The weakness of Ecuador's buildings was shown in its 2010 census when, of 337,970 homes in Manabi, 67 percent had structurally weak walls.
After the devastating Haiti earthquake in 2010, Ecuador began devising stricter construction rules, which came into force in 2014.
The Ecuadorian Construction Norm stipulates that all new construction must be able to withstand earthquakes, but most of the country does not comply with it as the majority of the construction is illicit.
Silverio Duran, president of Ecuador's Chamber of the Construction Industry, told Xinhua that "the country has no culture of applying construction norms. People do not invest in hiring professionals, which is important and could save their lives."
Builder Mario Sosa added a list of other problems, including the preference to opt for cheaper, inadequate building materials.

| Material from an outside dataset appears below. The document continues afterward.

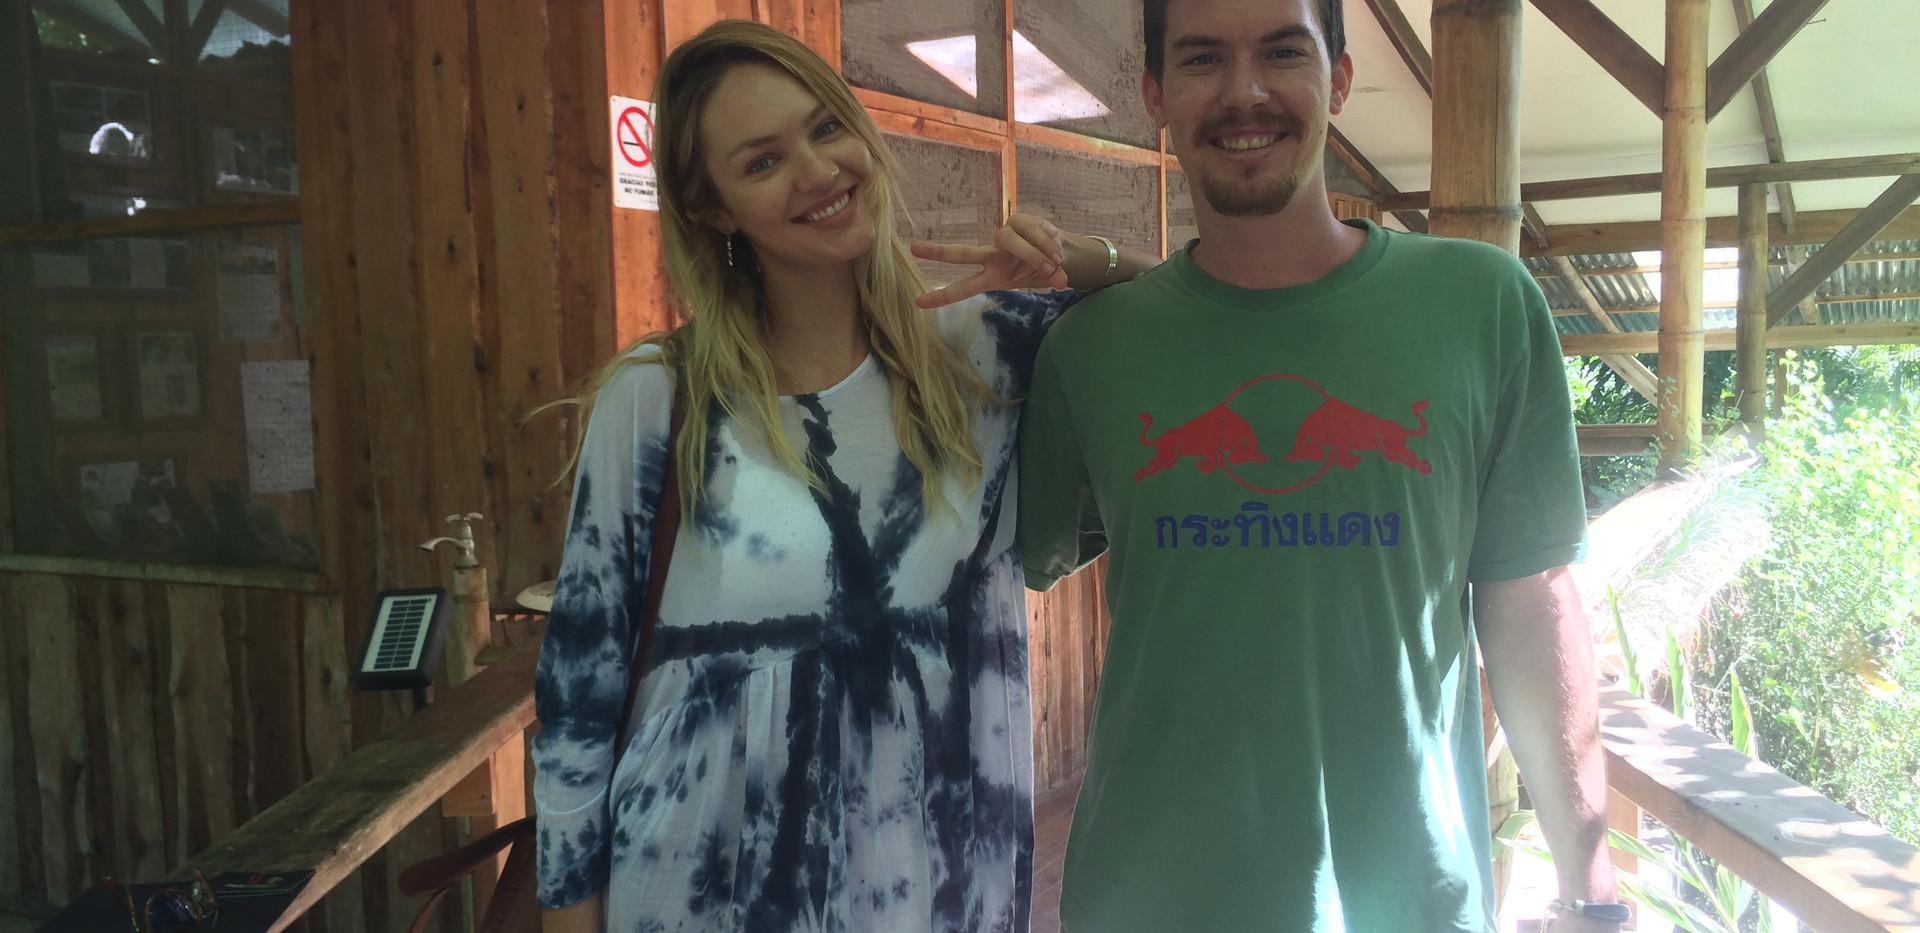 Matt and Candice Swanepoel

The 2010 census registered 4.6 million houses in Ecuador, more than 3 million of which are at risk when an earthquake strikes.
Furthermore, many Ecuadorians do not know how to react when a disaster strikes.
The country belongs to the Ring of Fire in the Pacific Ocean, one of the most seismically active parts of the world, yet Ponce said Ecuadorians are not well prepared to deal with earthquakes.
"We must begin to have more drills so that people are familiar with evacuation routes and will think automatically about what to do and move quickly when an earthquake hits," she said, adding that the country needs to set up early warning system or evacuation alarms for earthquakes.